:: PROMPT ::
Return the listing verbatim, images left out.

==== DATA SHOWN

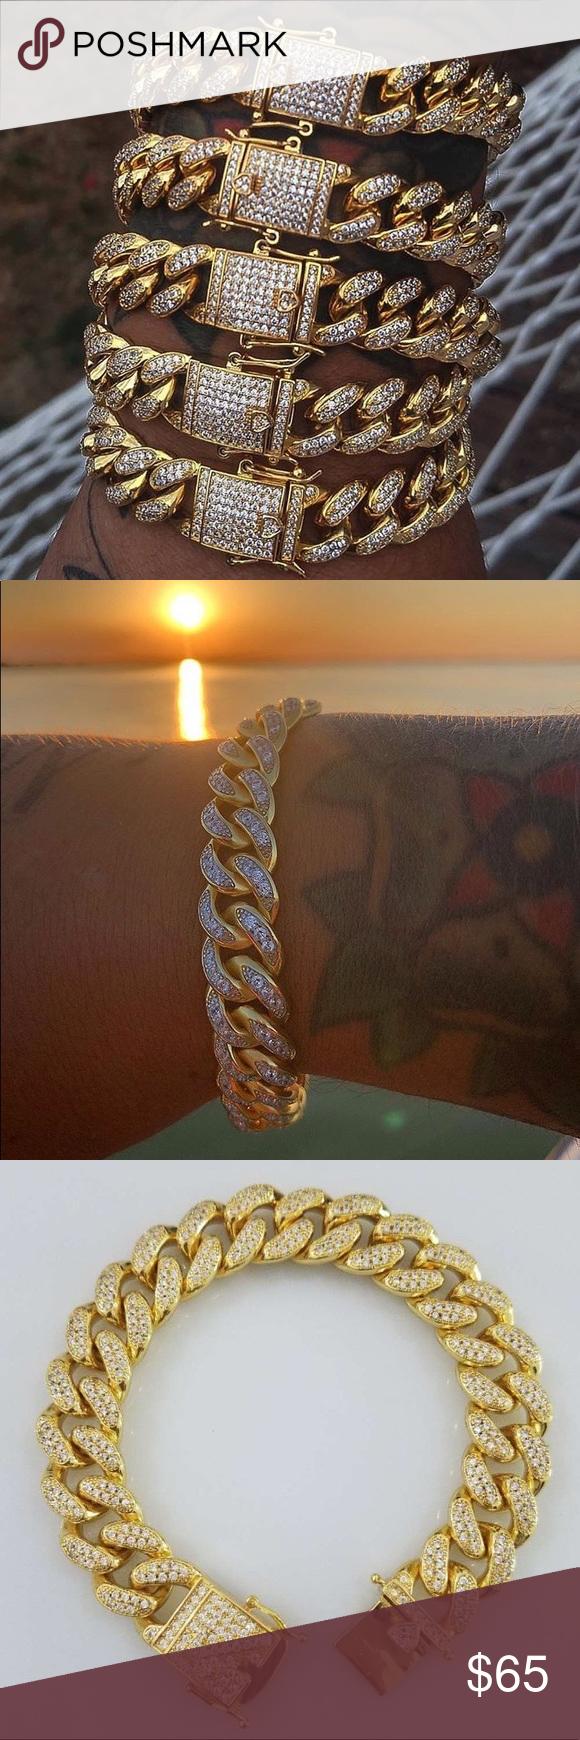 Cuban bracelet k premium gold electroplated lab diamonds
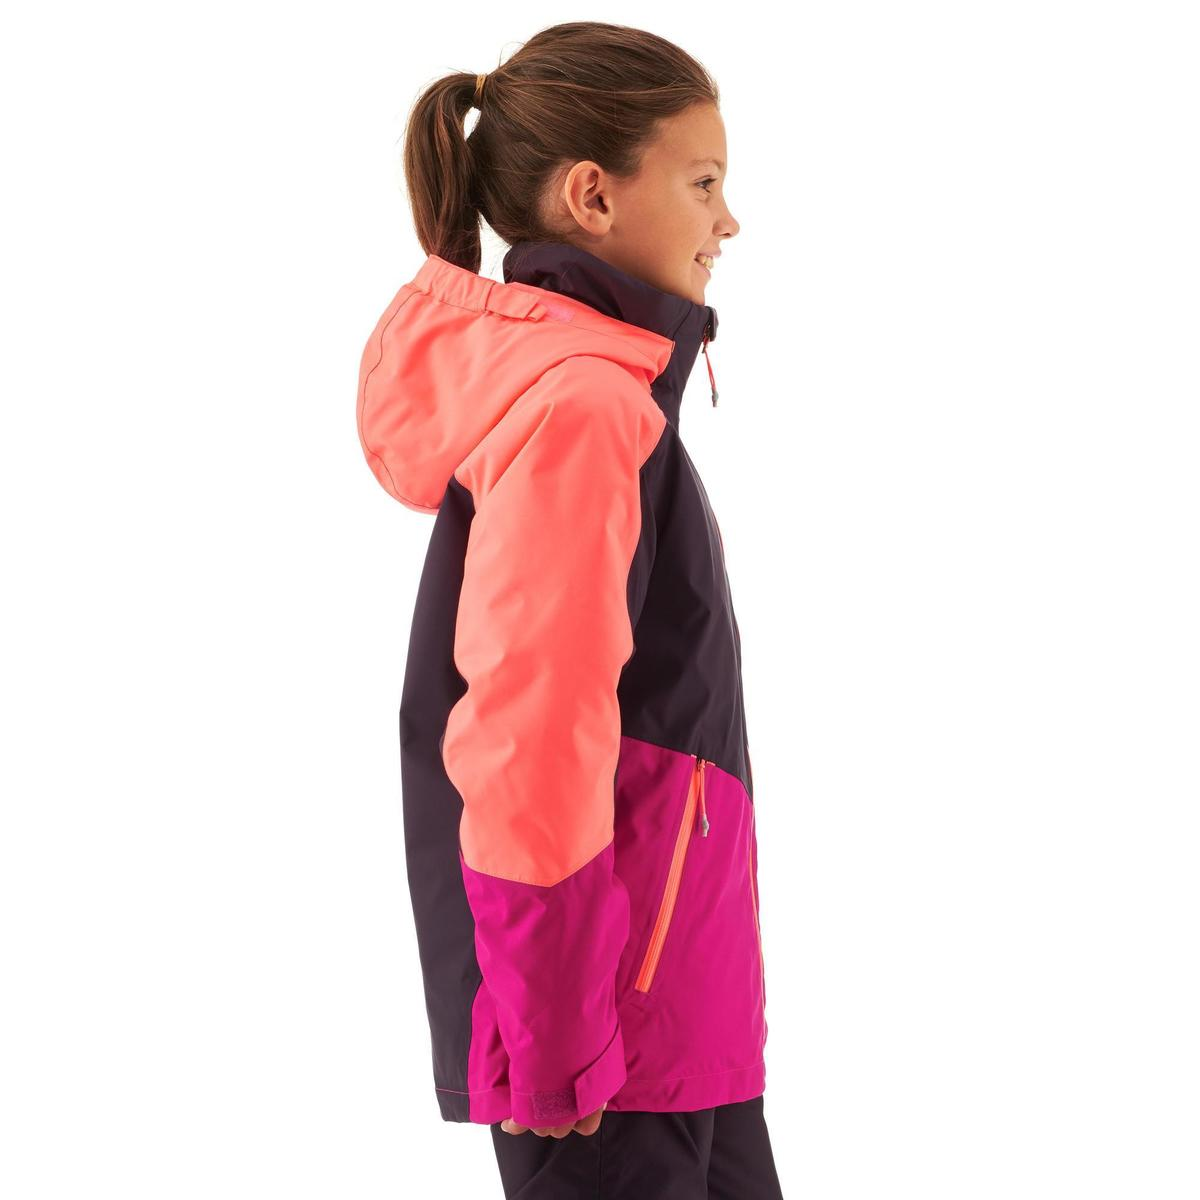 Bild 4 von Skijacke Piste 580 Kinder rosa/violett
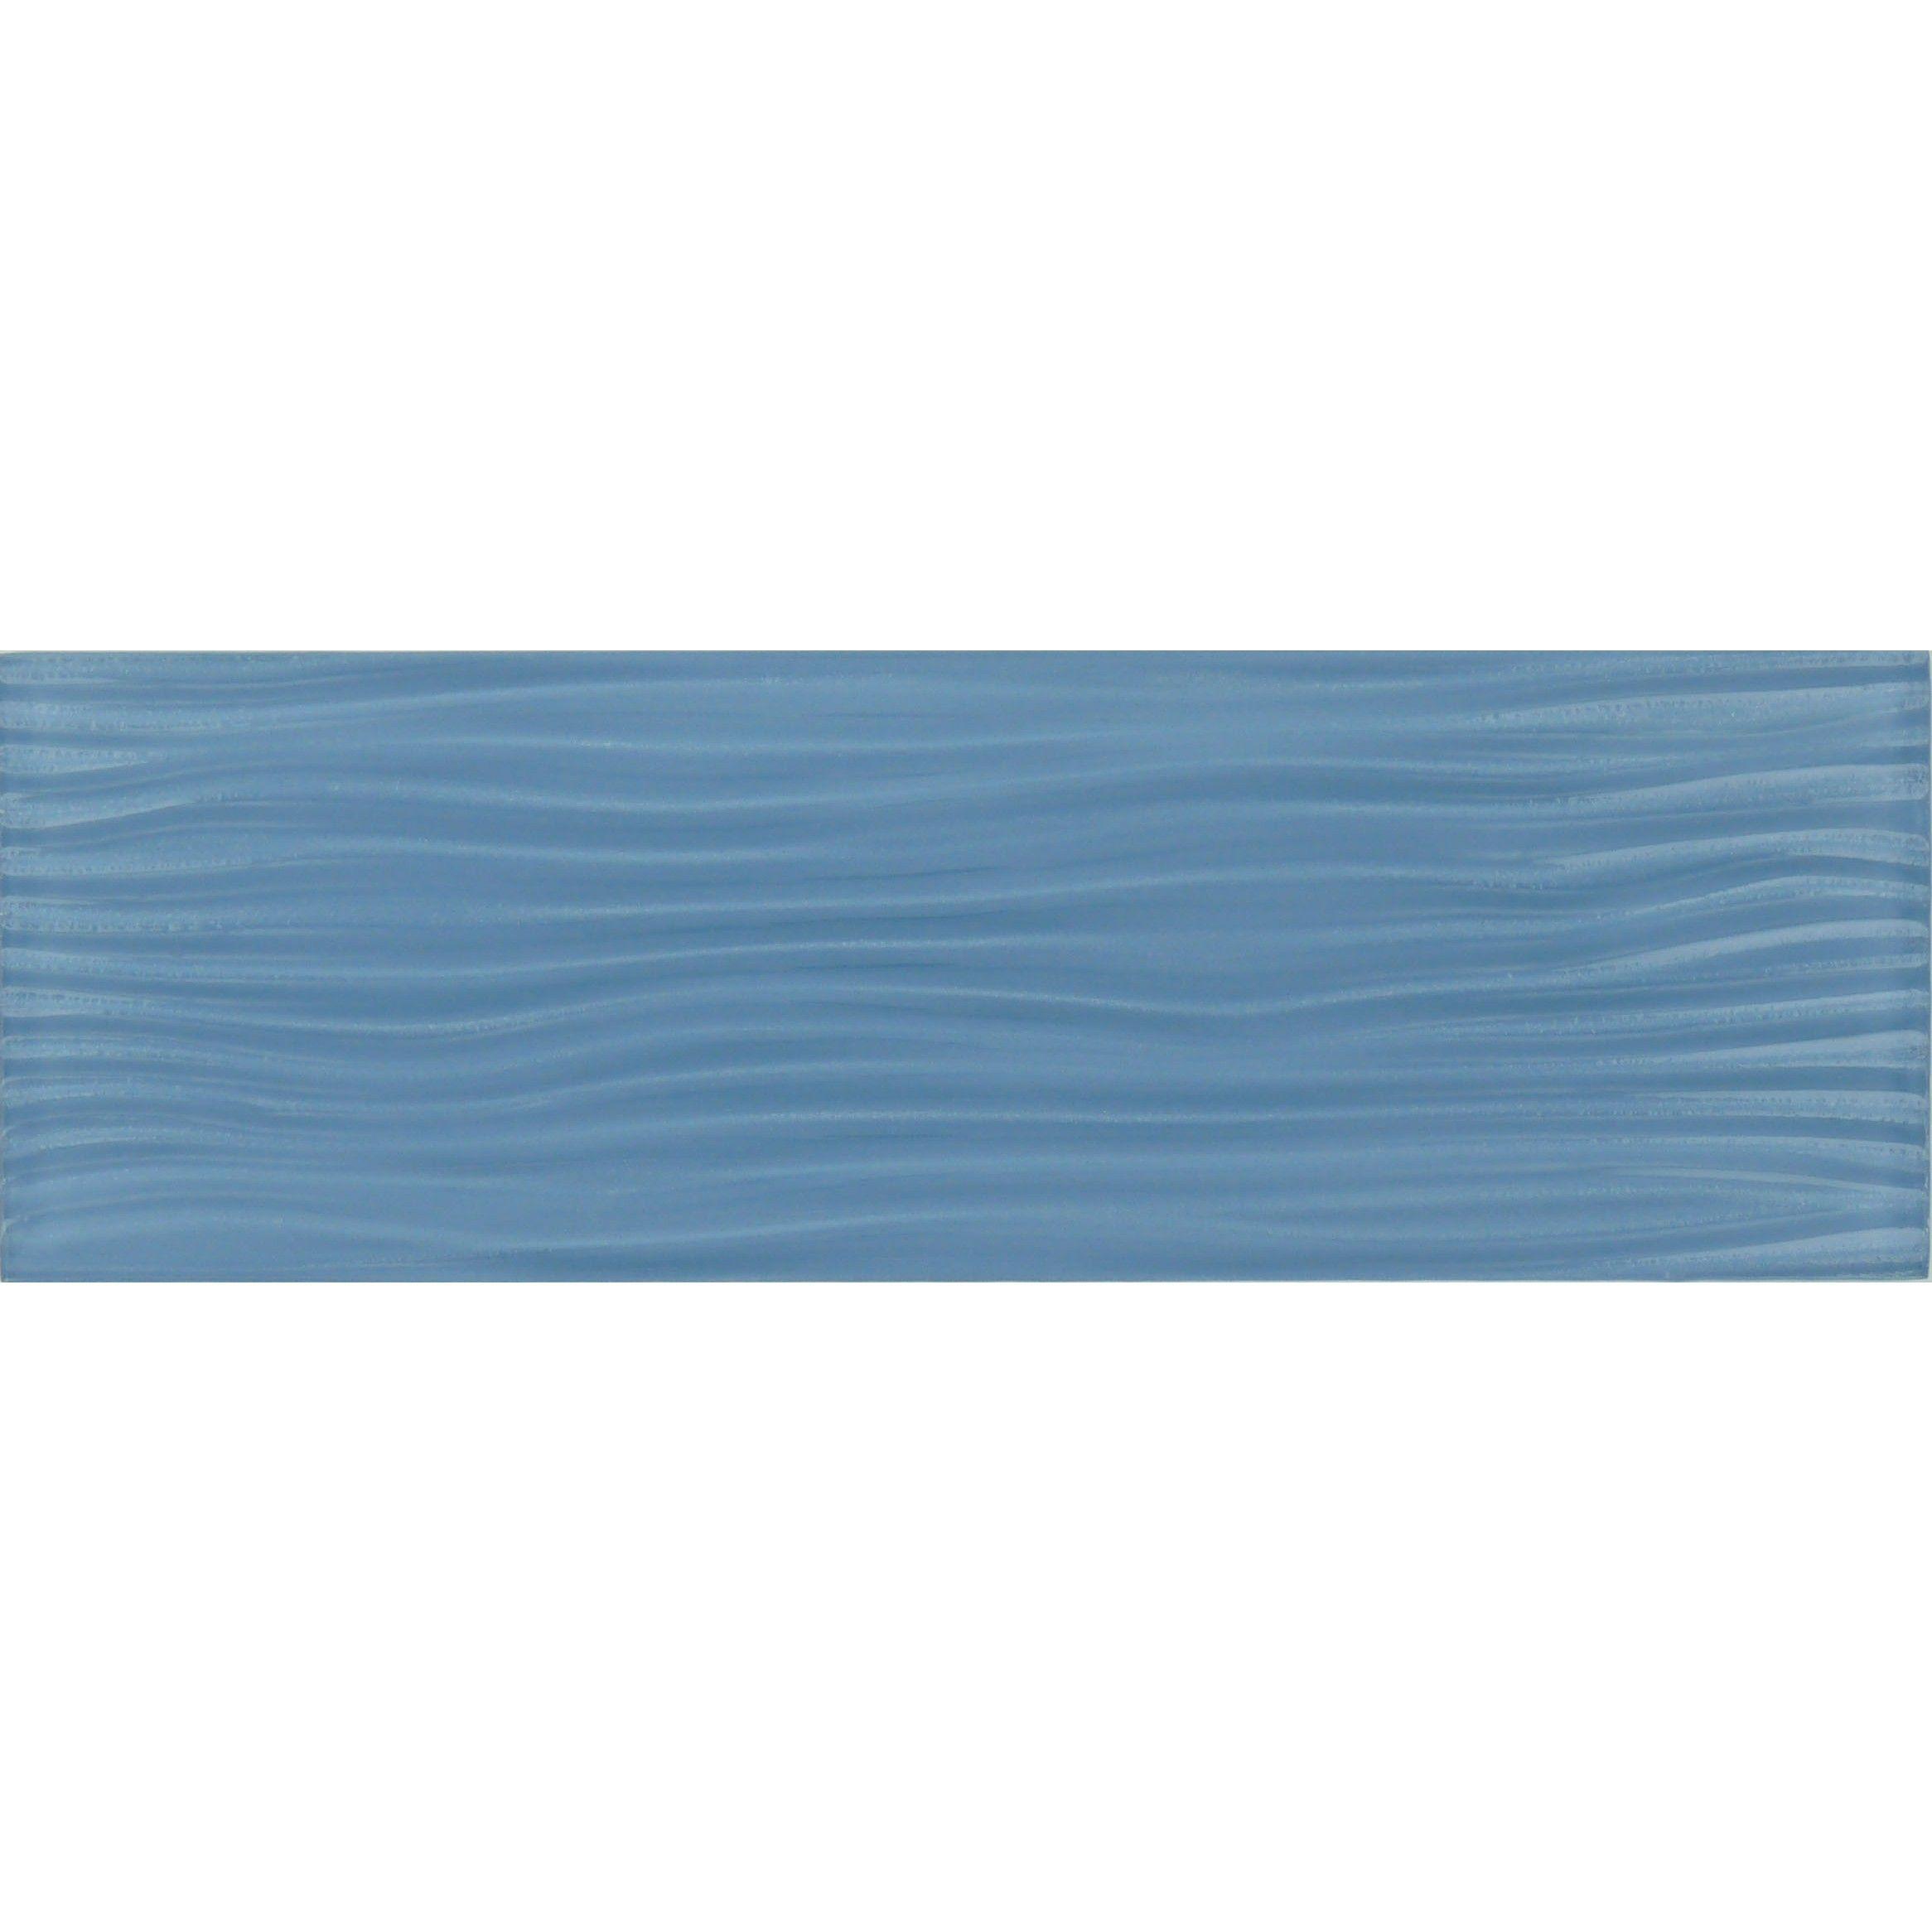 4 X 12 Blue Glass Subway Tile Glossy C10 W Wave Glass Glass Subway Tile Subway Tile

========

:: ANSWER SPACE ::
 Cuban bracelet k premium gold electroplated lab diamonds
 Bild 4 von Skijacke Piste 580 Kinder rosa/violett
 4 X 12 Blue Glass Subway Tile Glossy C10 W Wave Glass Glass Subway Tile Subway Tile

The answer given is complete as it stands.